_Work task_. The task for the listing below is to write out exactly the lines starting at the one containing "KATE SPADE NEW YORK iris ankle strap sandal" and ending at the one containing "1280px-Schwamendingen-Mitte_Tramtunnel_2_2014-08-24.JPG", both included. Pictures are to be omitted.

_The data_.
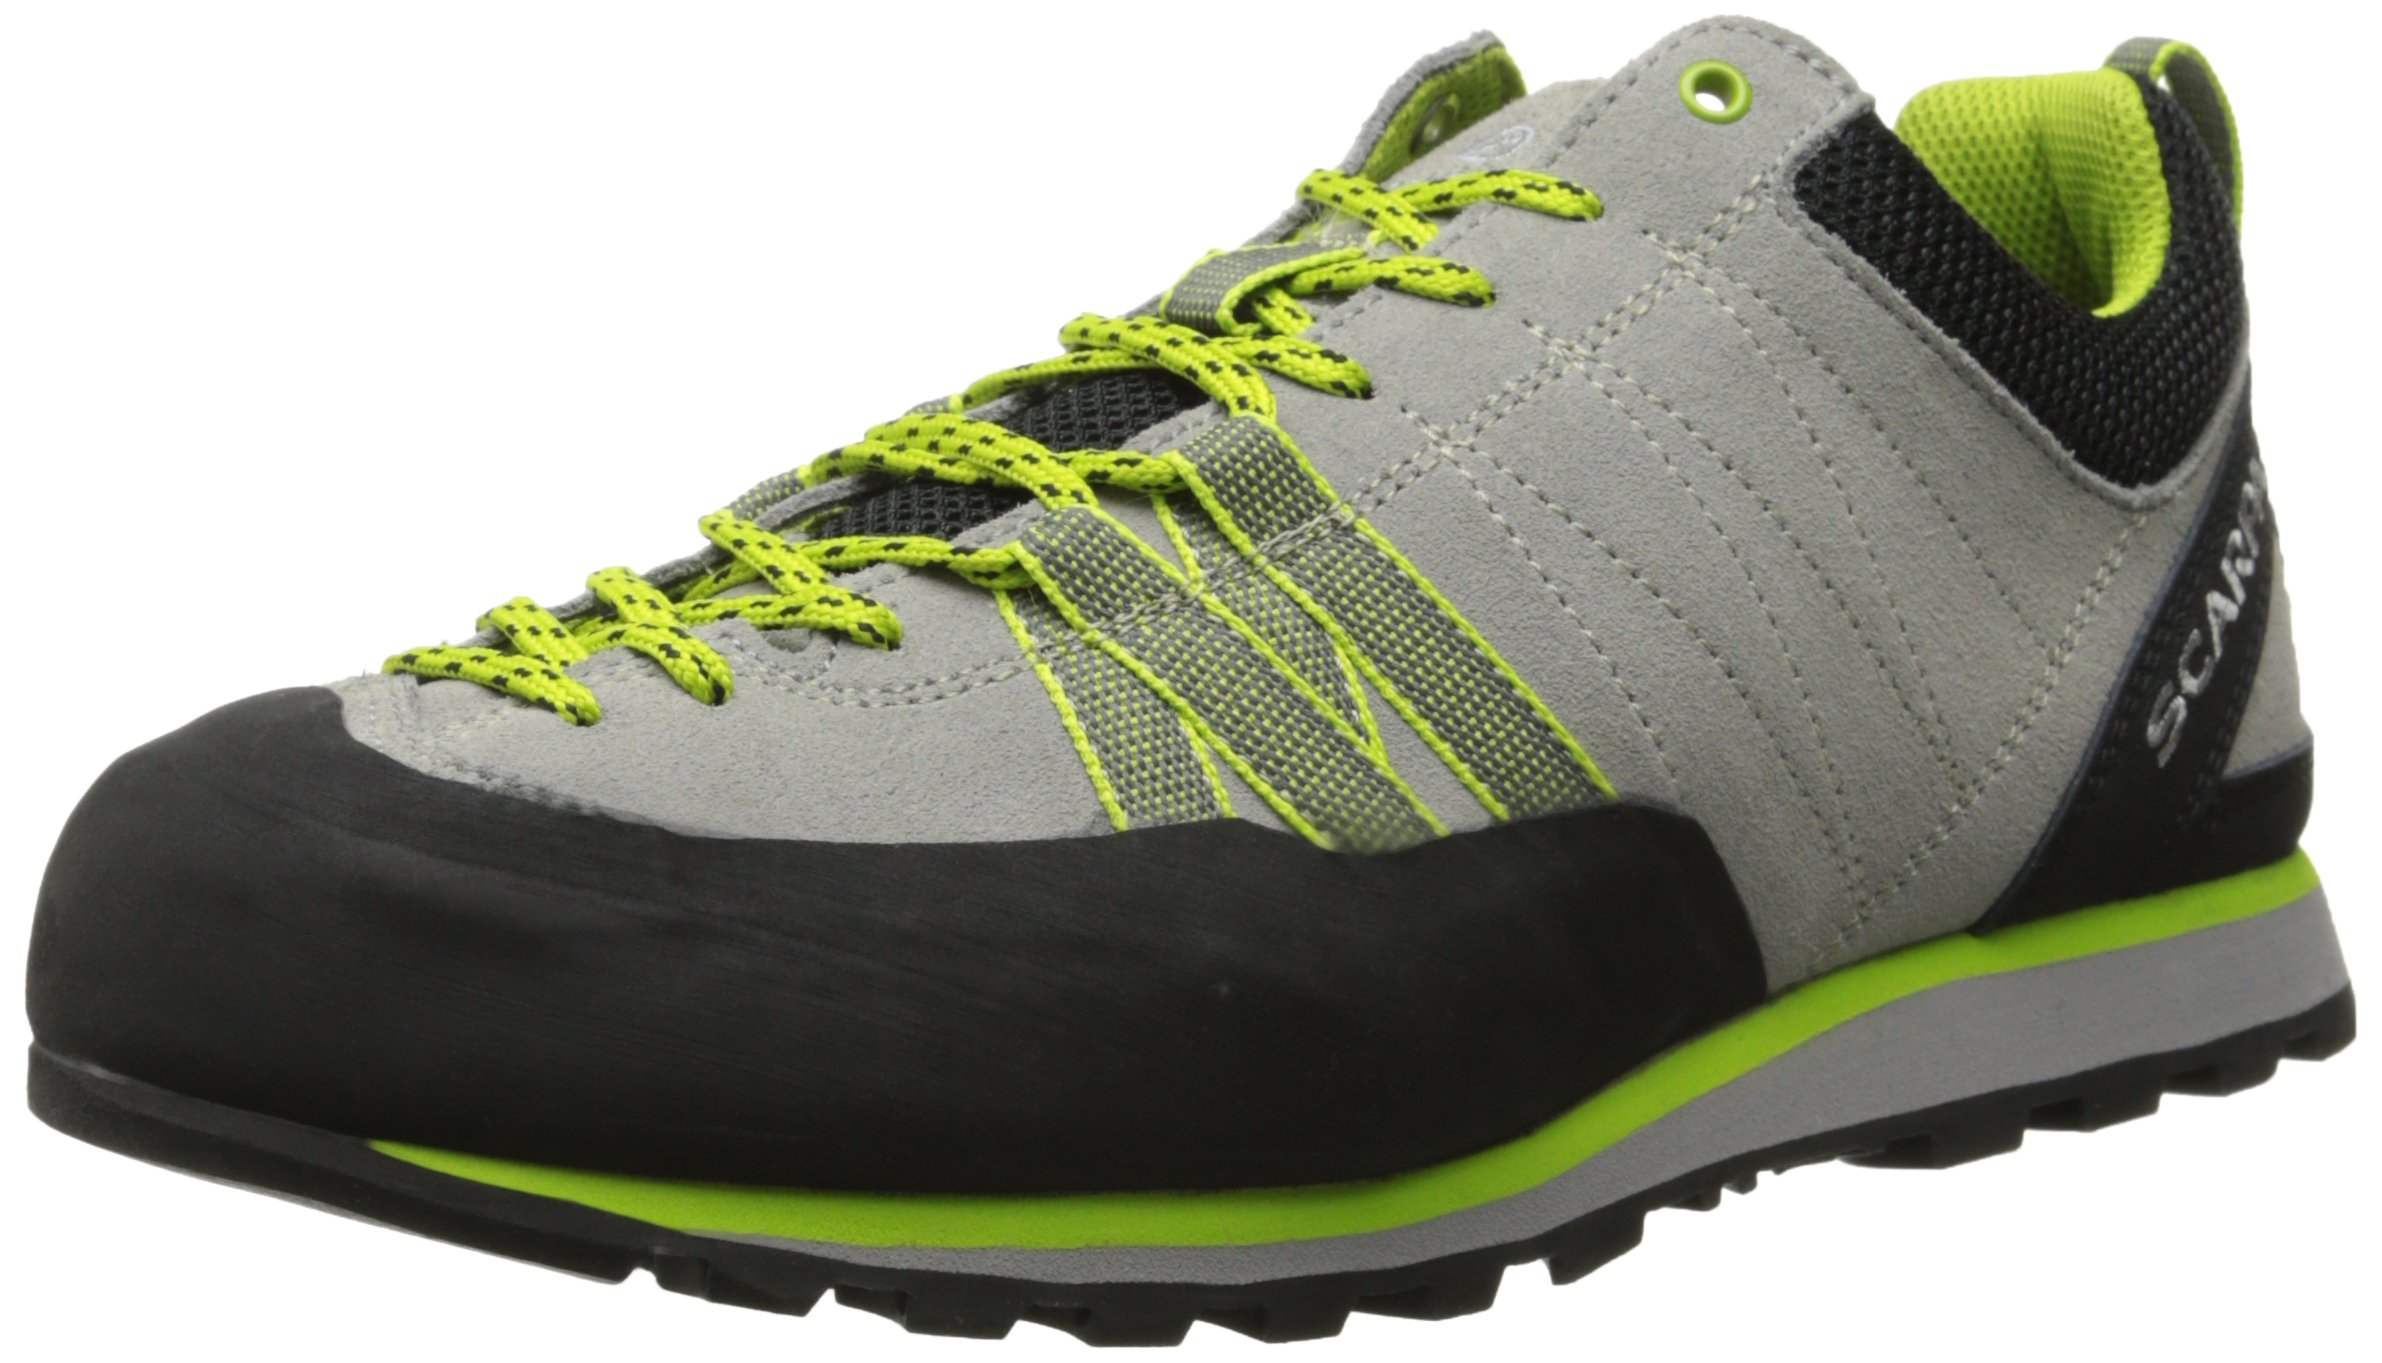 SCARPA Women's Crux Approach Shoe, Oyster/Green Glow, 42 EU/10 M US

==

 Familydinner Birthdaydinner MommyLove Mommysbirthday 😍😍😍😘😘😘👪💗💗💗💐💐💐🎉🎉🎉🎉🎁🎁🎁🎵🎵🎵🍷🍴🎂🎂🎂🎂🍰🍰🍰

* * *

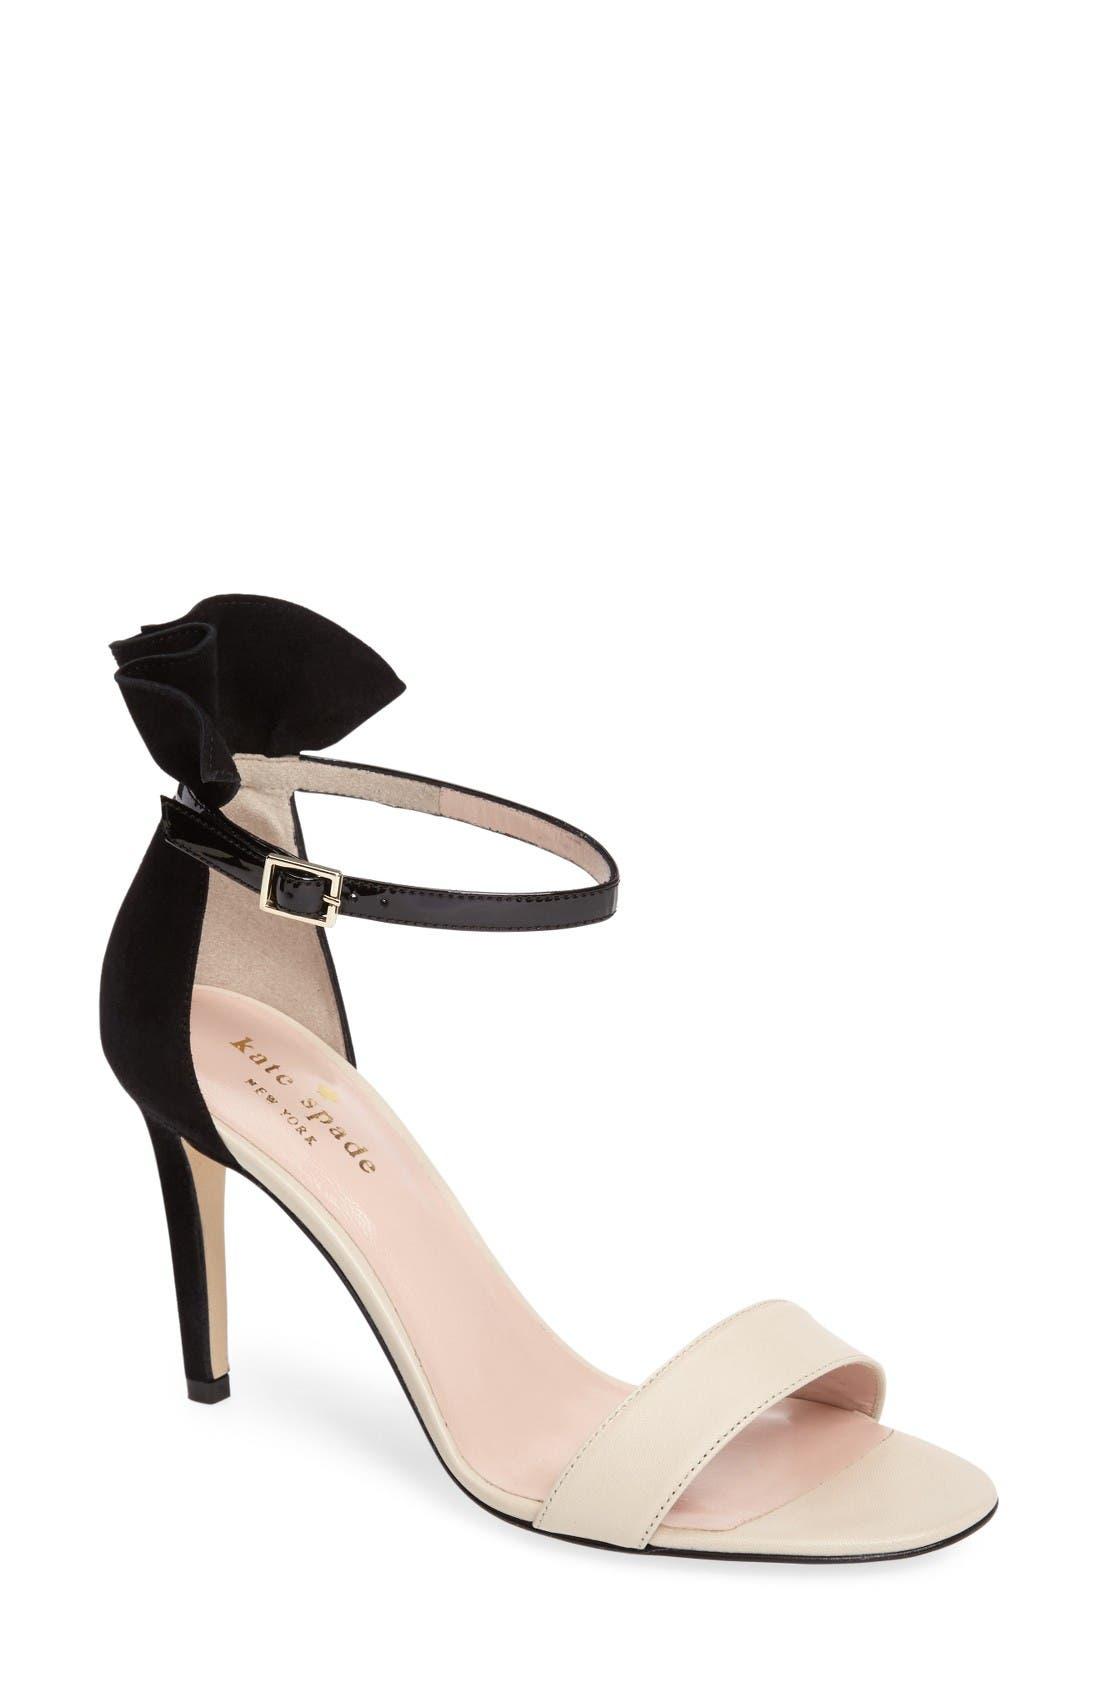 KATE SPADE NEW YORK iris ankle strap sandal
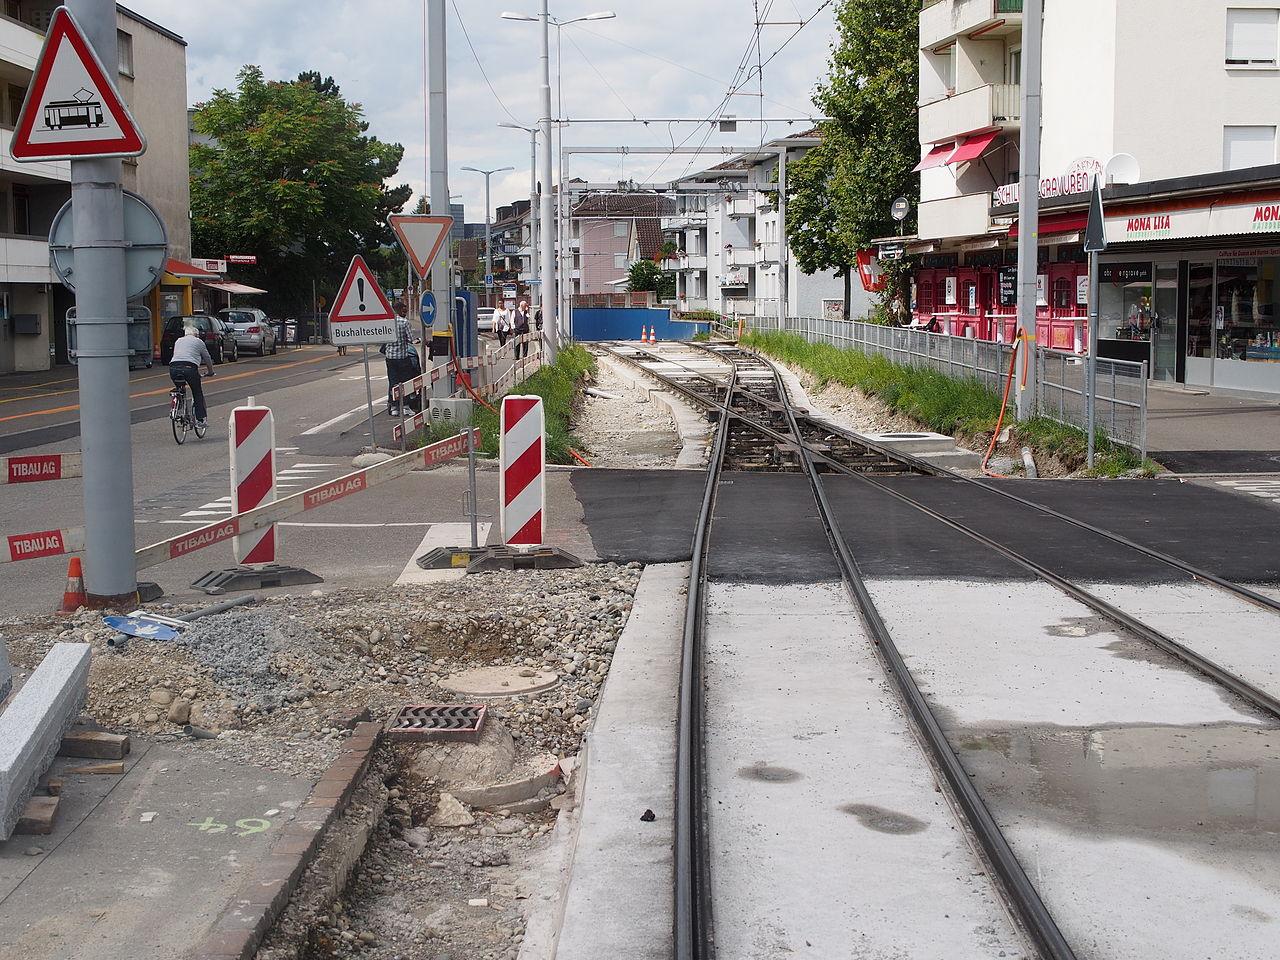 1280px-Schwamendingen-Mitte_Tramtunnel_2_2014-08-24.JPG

_Exercise result_.
 KATE SPADE NEW YORK iris ankle strap sandal
 1280px-Schwamendingen-Mitte_Tramtunnel_2_2014-08-24.JPG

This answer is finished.